Our largest, most powerful sex organ is our brain. Although you think everything happens between your legs, the sensation of orgasm actually originates between your ears, in the form of chemical messengers and the receptors they bind to. It's like a scene from Star Wars with little ships zipping around and docking in their corresponding bay with this mysterious system guiding the whole magical dance. True, the information comes from the farthest reaches of our body; the real action takes place in a fairly primitive part of our brain, the limbic system. Known as our mammalian brain, this is the seat of our emotions, desires, drives and impulses. It's where you fall in and out of love…or lust.
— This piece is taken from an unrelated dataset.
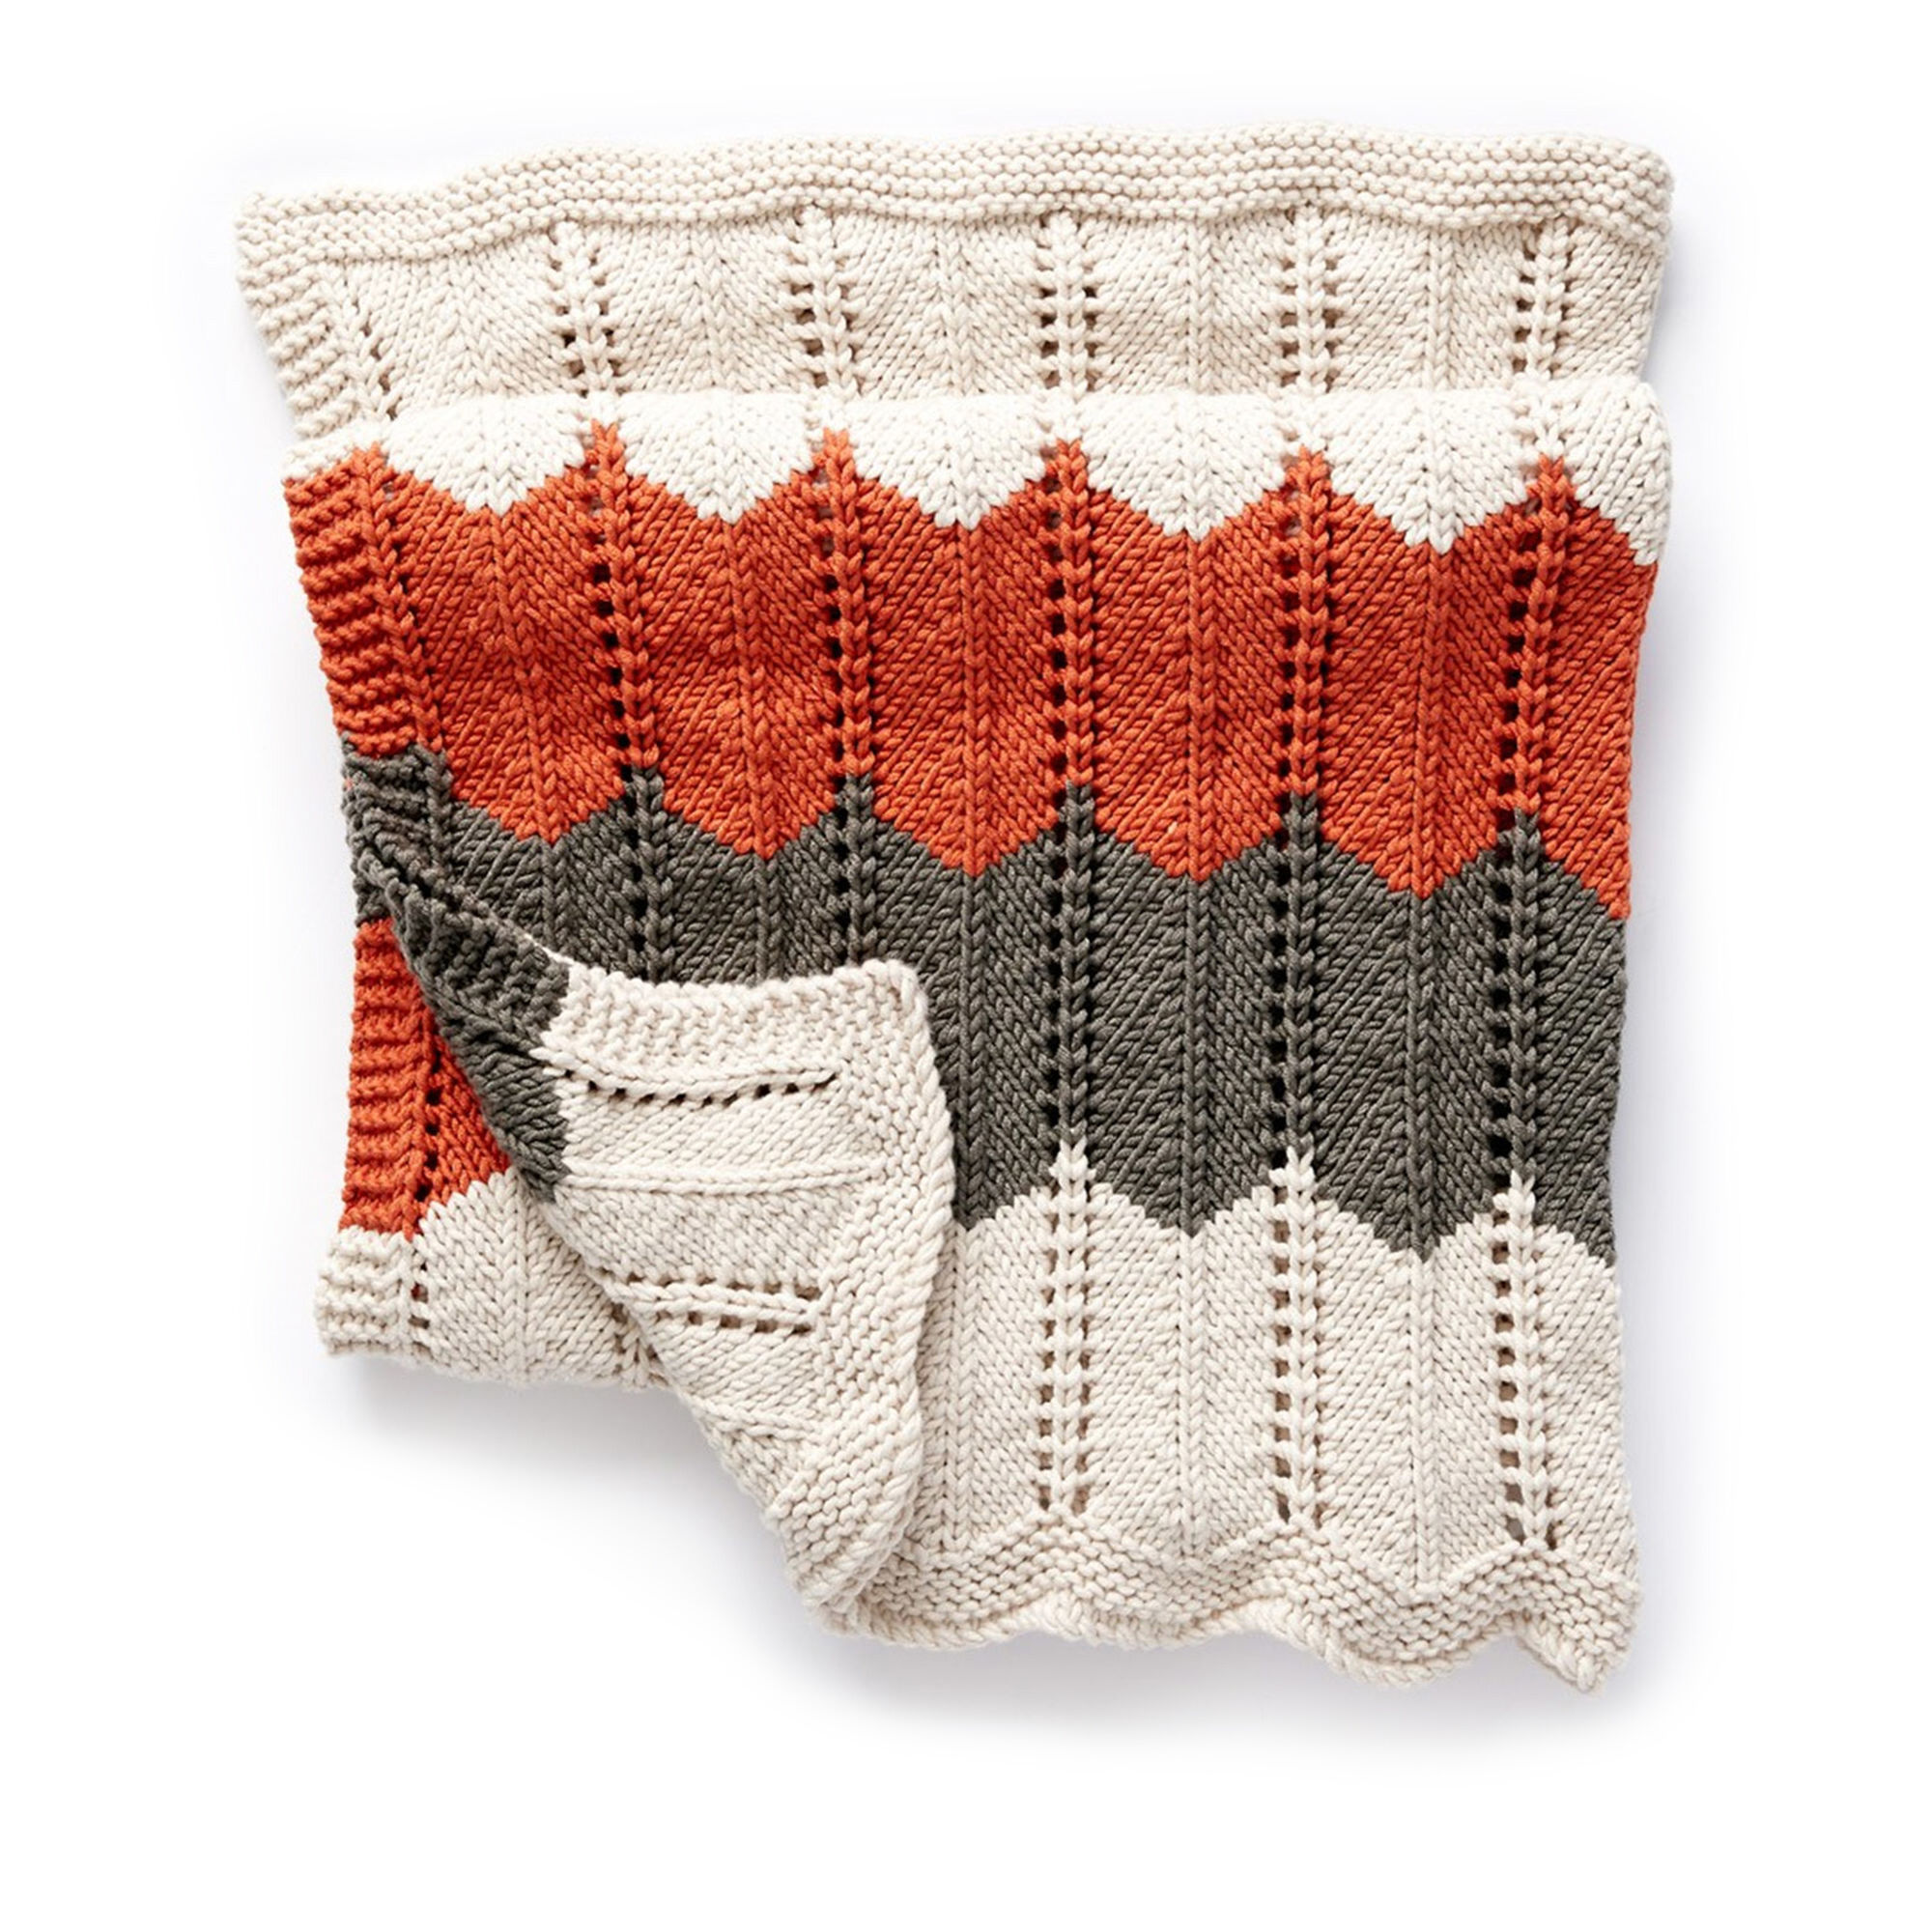 Bernat Ripple And Ridge Knit Blanket Yarnspirations

"Learn to tune your engine. Realize that just like a carburetor, the mix can get 'off' and then pressing on the gas might cause a sputter or a tailspin,” says Stephanie Moses, author of Getting to Neutral. Be mindful, not mechanical. Pull back the curtain on your emotions and thought patterns and their effect on your sexuality and health. How you focus your attention and manage your emotions directly shapes your experience.
Don't be a leadfoot. Ease up on the pedal of your stress response system. If your mind is not allowed to conduct your body in healthy ways, eventually it just gives up on the direct communication and manifests a different route, usually through your body and not in pleasant ways. They need to work together, or they both suffer. “If your body is forced to settle for what’s going on inside your mind—let’s say, negative talk—then your body will live that out,” affirms Stephanie. If you allow the painful, negative occurrences of your day, of your past, or what you predict and deduce of future events to constantly swarm in your mind, your flooding your brain and body with stress hormones. Your system is in overdrive and burning itself out – and you’re letting it happen. YOU are the lousy driver.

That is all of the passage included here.